Hasil penelitian ini sejalan dengan hasil penelitian yang dilakukan oleh Wijaya (2009) di Poli Penyakit Dalam Rumah Sakit Raden Said Sukanto Jakarta yang menyatakan bahwa ada hubungan yang bermakna antara kebiasaan merokok dengan kejadian hipertensi di Poli Penyakit Dalam Rumah Sakit Raden Said Sukanto Jakarta, dengan nilai p value = 0,004. Merokok merupakan salah satu kebiasaan hidup yang dapat memengaruhi tekanan darah yang dapat mengakibatkan hipertensi. Pada keadaan merokok pembuluh darah dibeberapa bagian tubuh akan mengalami penyempitan, dalam keadaan ini dibutuhkan tekanan yang lebih tinggi supaya darah dapat mengalir ke alat-alat tubuh dengan jumlah yang tetap. Untuk itu jantung harus memompa darah lebih kuat, sehingga tekanan pada pembuluh darah meningkat. Rokok yang dihisap dapat mengakibatkan peningkatan tekanan darah. Namun rokok akan mengakibatkan vasokonstriksi pembuluh darah perifer dan pembuluh di ginjal sehingga terjadi peningkatan tekanan darah.
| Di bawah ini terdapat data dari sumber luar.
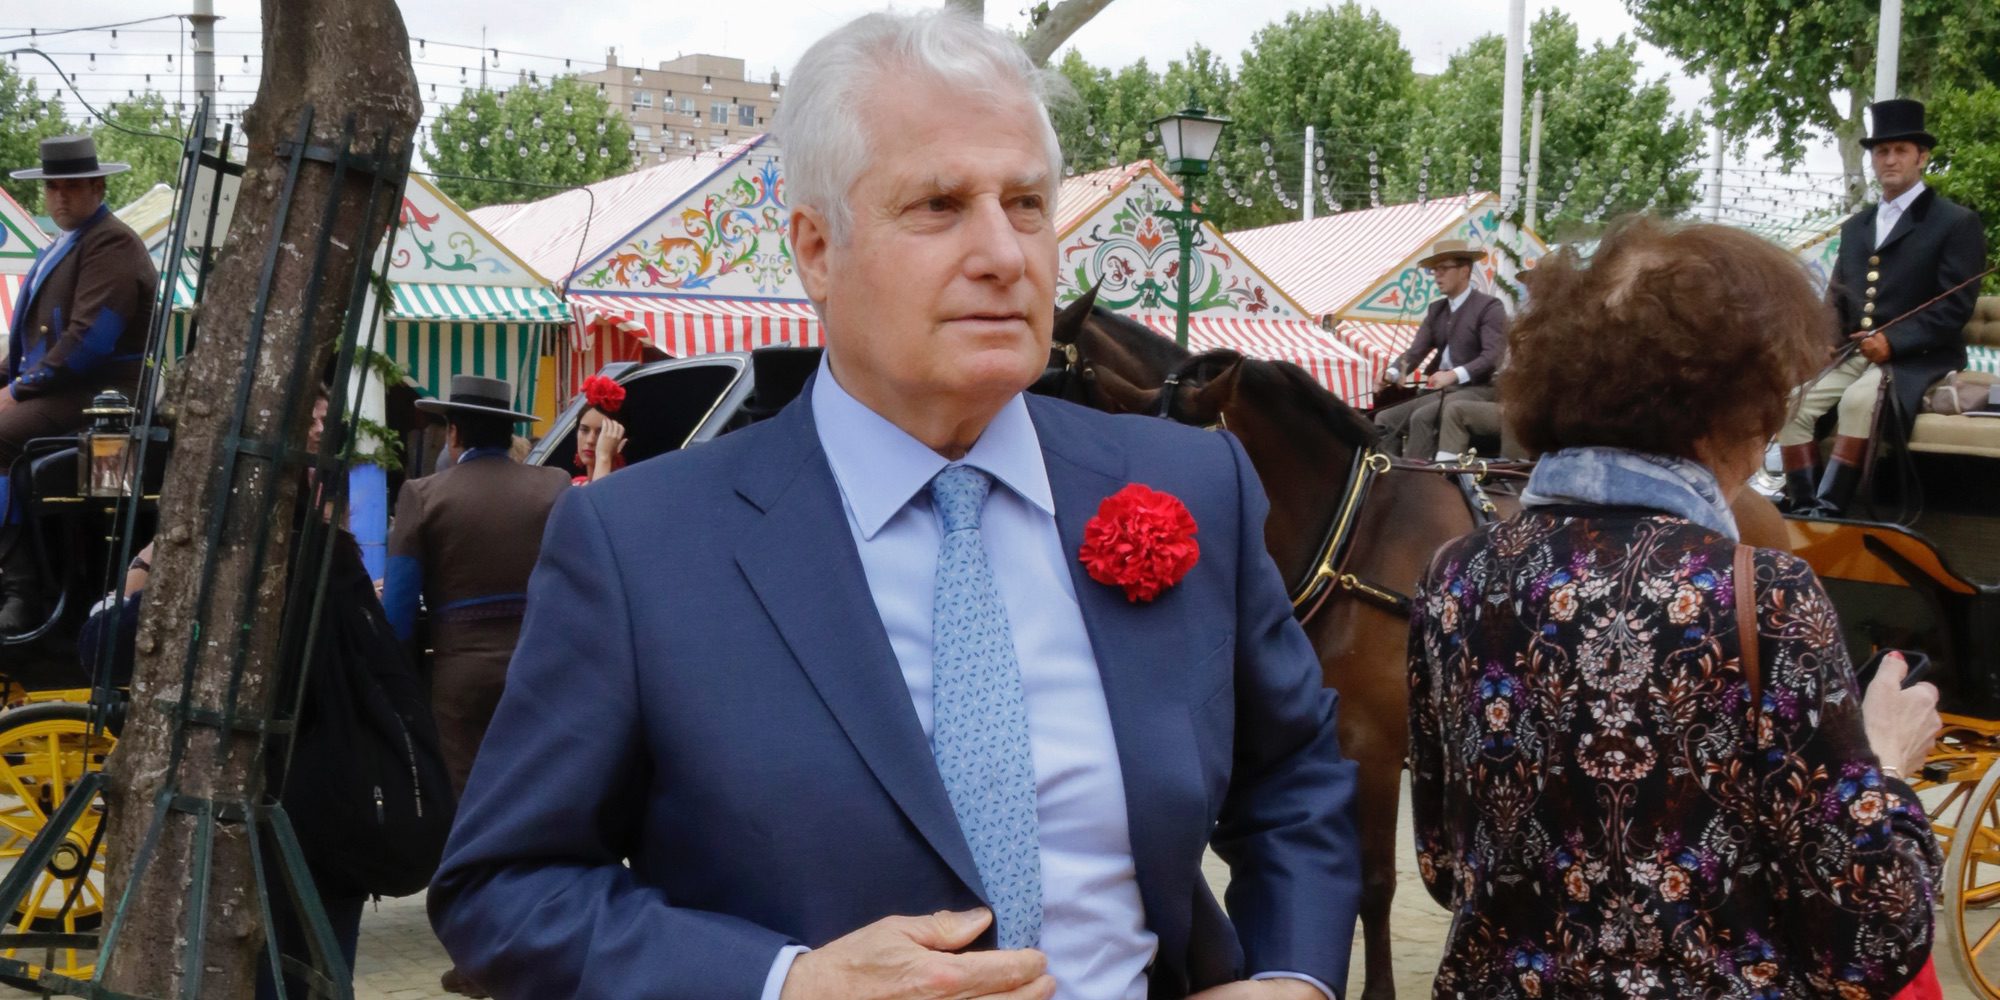 El Duque de Alba disfruta de la Feria de Abril acompañado de una atractiva italiana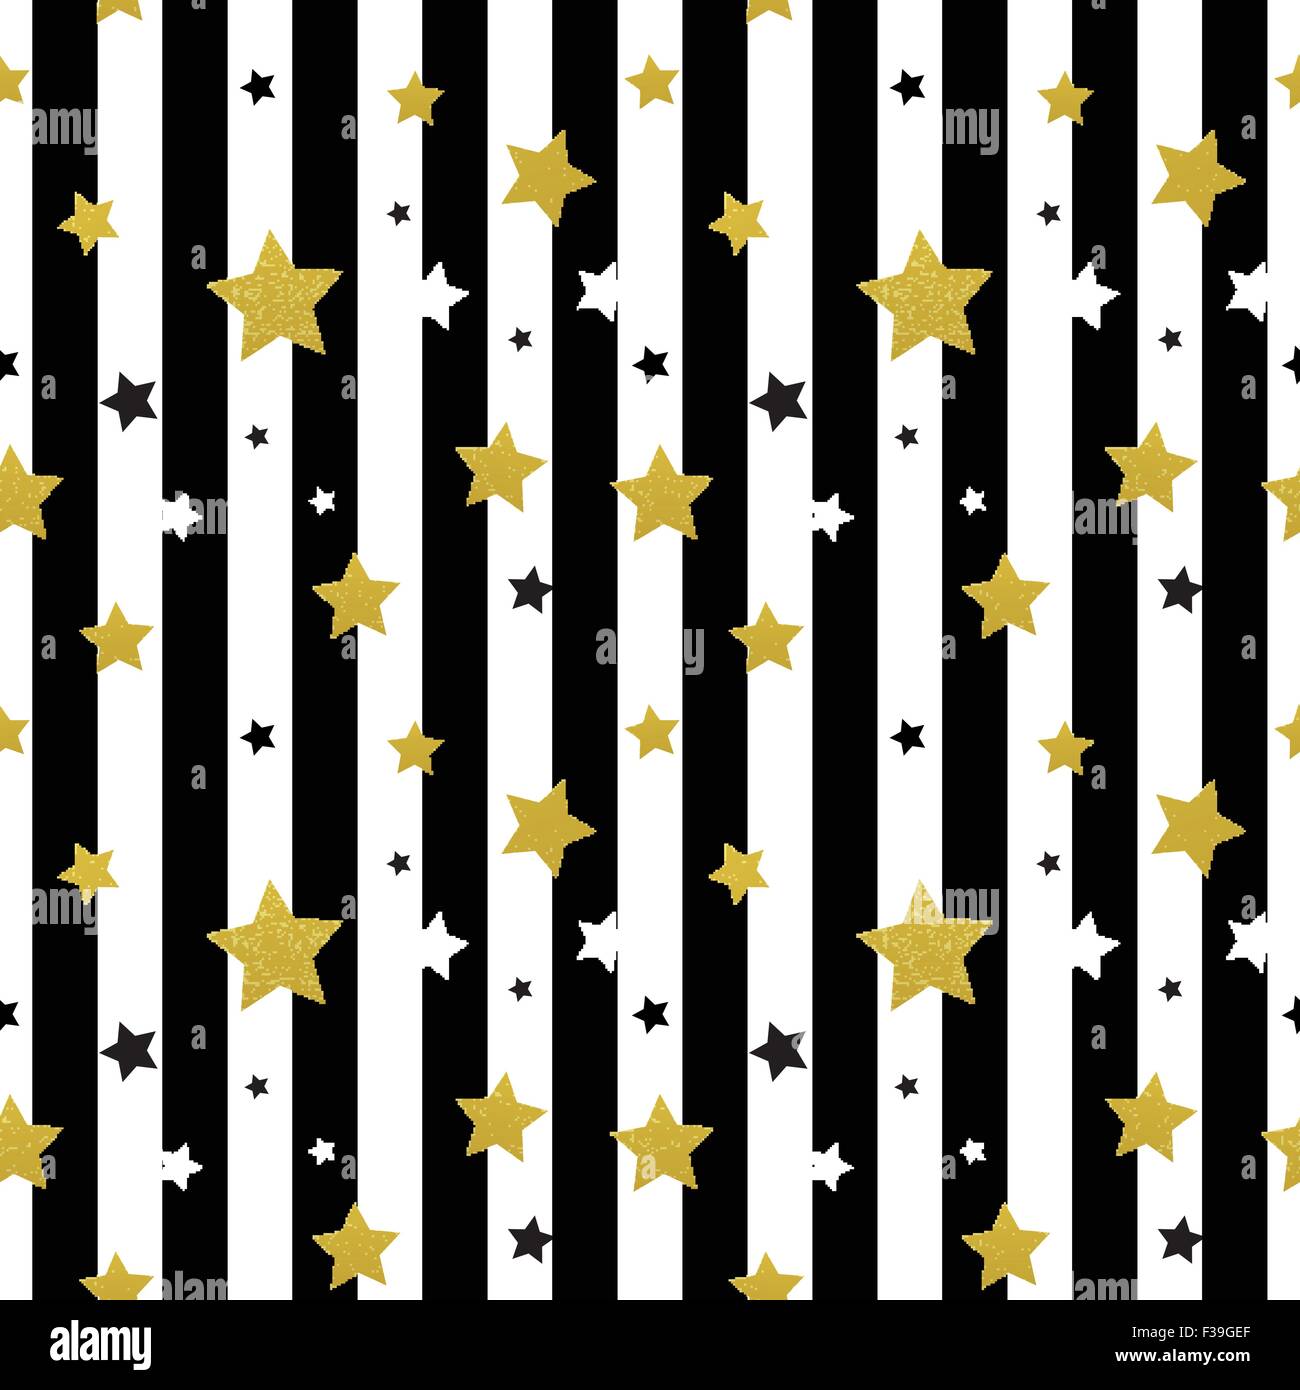 Schwarz, weiß und Gold Sterne seamless pattern. Vektor-illustration Stock Vektor

Hasil penelitian ini juga sesuai dengan hasil penelitian Xianglan Zhang, dkk., dan Sheps, Sheldon G (2005), yang menyatakan bahwa kebiasaan merokok sebagai faktor risiko hipertensi (OR 1,28 – 1,62). Berhenti merokok sangat penting untuk menurunkan dan mengendalikan tekanan darah. Menghindari rokok dapat menjauhkan dari risiko penyakit jantung dan pembuluh darah lain. Hasil penelitian ini tidak sejalan dengan hasil penelitian yang dilakukan oleh Bidjuni dan Malara (2013) di Puskesmas Kolongan Kecamatan Kalawat Kabupaten Minahasa Utara yang

menyatakan bahwa tidak ada hubungan yang bermakna antara gaya hidup dalam bentuk merokok dengan kejadian hipertensi di Puskesmas Kolongan, Kecamatan Kalawat, Kabupaten Minahasa Utara. Hasil uji statistik Spearman’s rho dengan nilai kemaknaan (á) = 0,05 didapatkan nilai Signifikan (p) = 0, 447 yang lebih besar dari á = 0,05.